The Marfan syndrome (MFS) is a systemic connective tissue disorder caused by mutations in the FBN1 gene. Recent molecular studies, most performed in mouse models, revealed that the MFS is more a developmental abnormality with broad and complex effects on the morphogenesis and function of multiple organ systems. FBN1 haploinsufficiency and dysregulated transforming growth factor-beta (TGF-β) signaling seem to be critical for clinical manifestations in MFS including aortic root dilatation. Aortic root aneurysm and aortic dissection represent the main causes of morbidity and mortality in MFS. Most importantly, TGF-β antagonism through angiotensin II type 1 receptor blockers (ARBs), for example losartan, has been shown to prevent and possibly reverse aortic root dilatation in a mouse model of MFS. A first human study on a small pediatric cohort confirmed those promising results in reducing the aortic root growth over a follow-up period of 12 to 47 months. So, a large multicenter trial has been set up and results should be available soon. Other therapeutic strategies which might be combined with losartan include traditional β-blockade, doxycyclin and statins. Such management could offer the first potential for primary prevention of clinical manifestations in MFS.

Introduction

Aortic root aneurysm, subsequent aortic dissection and rupture are the leading causes of morbidity and mortality in individuals with Marfan syndrome (MFS).[1],[2] The MFS is an inherited systemic connective tissue disease that affects up to 1 in 5000 individuals.[3] It affects both males and females, and it involves abnormalities of a variety of organ systems including aortic root dilatation, ectopia lentis, skeletal features, emphysema, dural ectasia and myopathy.[4] Diagnosis of MFS can be difficult but has been simplified by the recently published new Ghent criteria focusing more on aortic root enlargement and ectopia lentis.[5] If untreated, the majority of individuals with MFS develop life-threatening acute aortic events early in adult life. Prophylactic aortic surgery has been the only real therapeutic option for patients with MFS and an enlarged aortic root. Advances in surgical technique, in particular the Bentall procedure (implantation of a valved conduit) and the aortic valve-sparing root procedure (reimplantation of the valve into a conduit), have improved life expectancy in MFS.[2] Elective aortic surgery is now associated with low perioperative morbidity and mortality in experienced centers, and long-term survival of such patients is comparable to an age-matched healthy population.[2] However, aortic surgery is a major surgical procedure, and in particular children with severe MFS often undergo several such operations. An improved pharmaco therapy not only treating arterial hypertension and associated aortic shear stress but targeting the cause of MFS and as such preventing aortic complications is needed.[4]
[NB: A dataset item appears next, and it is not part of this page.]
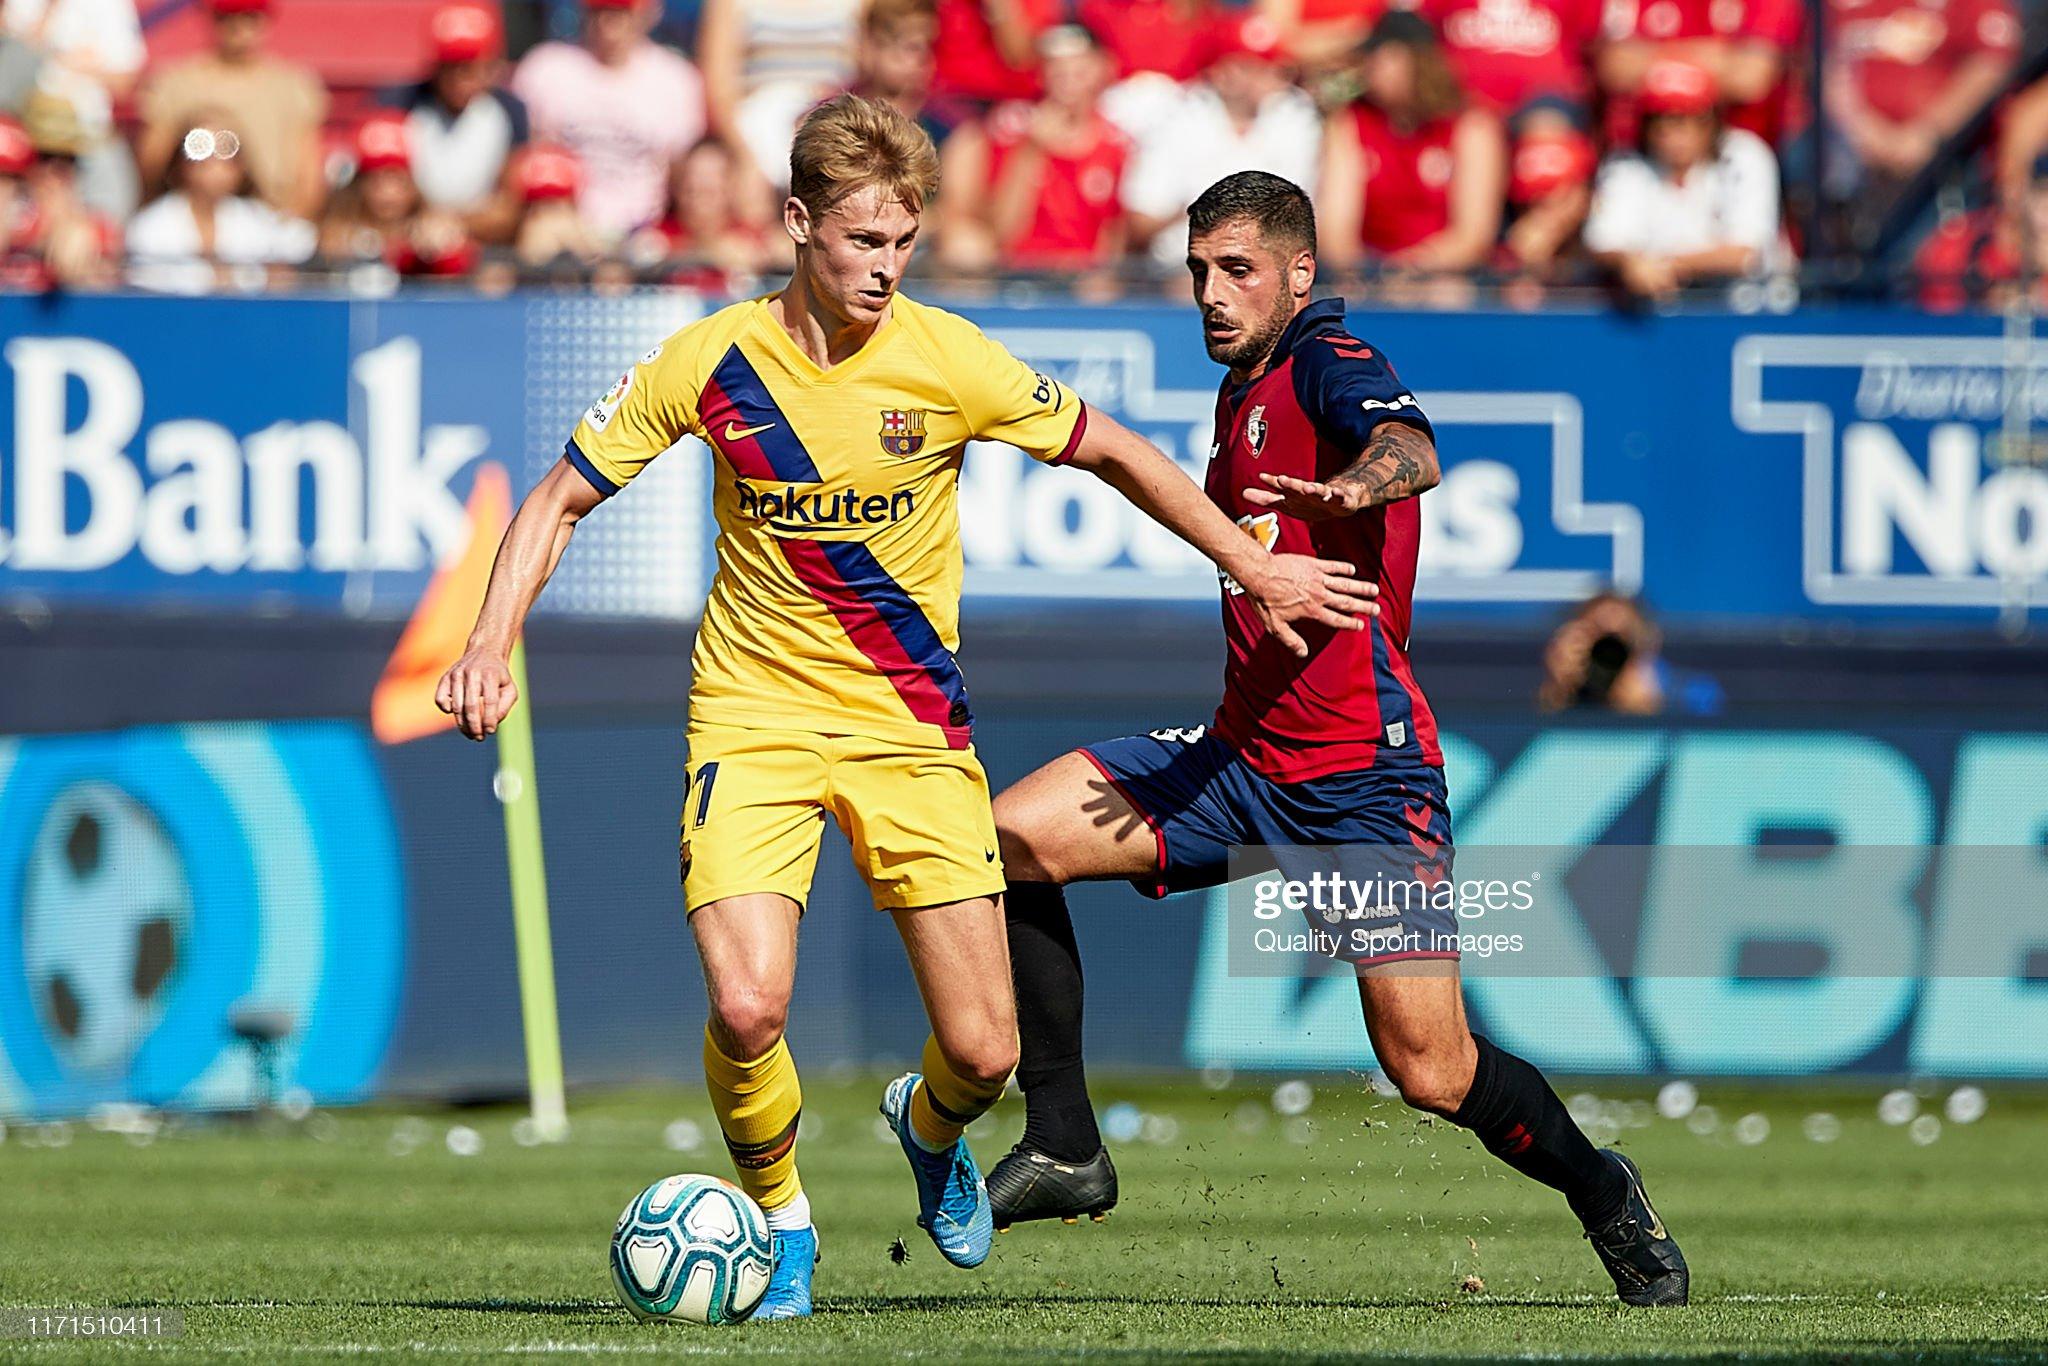 صور مباراة : أوساسونا - برشلونة 2-2 ( 31-08-2019 )  Fran-merida-of-ca-osasuna-competes-for-the-ball-with-antoine-of-fc-picture-id1171510411?s=2048x2048

Genetics and molecular pathogenesis of MFS

Mutations in the fibrillin-1 (FBN1) gene cause MFS.[3] Most mutations occur within repeated epidermal growth factor-like domains. Such perturbations lead to enhanced proteolytic degradation and malfunction of FBN1.[4] FBN1, a 350-kDa glycoprotein, is a principal component of the extracellular matrix microfibril. Due to the mutation, there is a severe deficiency of FBN1 aggregates in the connective tissue that would otherwise instruct the formation and homeostasis of elastic fibers and the anchorage of smooth muscle cells (SMC).[6] As such, the MFS was originally believed to result from the production of mutant FBN1 that leads to a structural weakness of the tissue. However, recent progresses in understanding the complex molecular pathogenesis of MFS have challenged this view. It has been shown that the MFS is more a developmental abnormality with broad and complex effects on the morphogenesis and function of multiple organ systems. Most studies were done in mouse models of MFS and showed that microfibrils and herein FBN1 normally bind the large latent complex of the cytokine transforming growth factor β (TGF-β).[7],[8] Most importantly, failure of this interaction results in increased TGF-β activation and signaling which lead to clinical manifestations of MFS including aortic root dilatation, emphysema, mitral valve prolapse.[7],[9],[10]

Traditional pharmacotherapy

β-adrenergic blockade, e.g., propranolol or atenolol, is traditionally used for treatment of aortic root growth in MFS. Its rational includes reduction in arterial pressure and heart rate leading to decreased shear stress on the aorta, in particular the aortic root.[11] Studies addressing the efficacy of β-blockade in MFS concluded that such therapy is successful at least in a subset of individuals. Overall, medicated patients showed slower aortic root growth, fewer cardiovascular endpoints and improved survival.[4],[11],[12] Therefore, it is still the standard therapy for preventing aortic root dilatation in MFS. It is important to point out that β-blockade does not stop or reverse aortic root dilatation but typically slows the aortic root growth in MFS. β-blockers also do not protect the aortic wall architecture from degene ration and elastic fiber disarray as shown in mouse models and human samples. In addition, β-blockers have no effect on other clinical manifestations of MFS, and more than 10% of patients are intolerant to such therapy because of asthma, depression, or fatigue.[4]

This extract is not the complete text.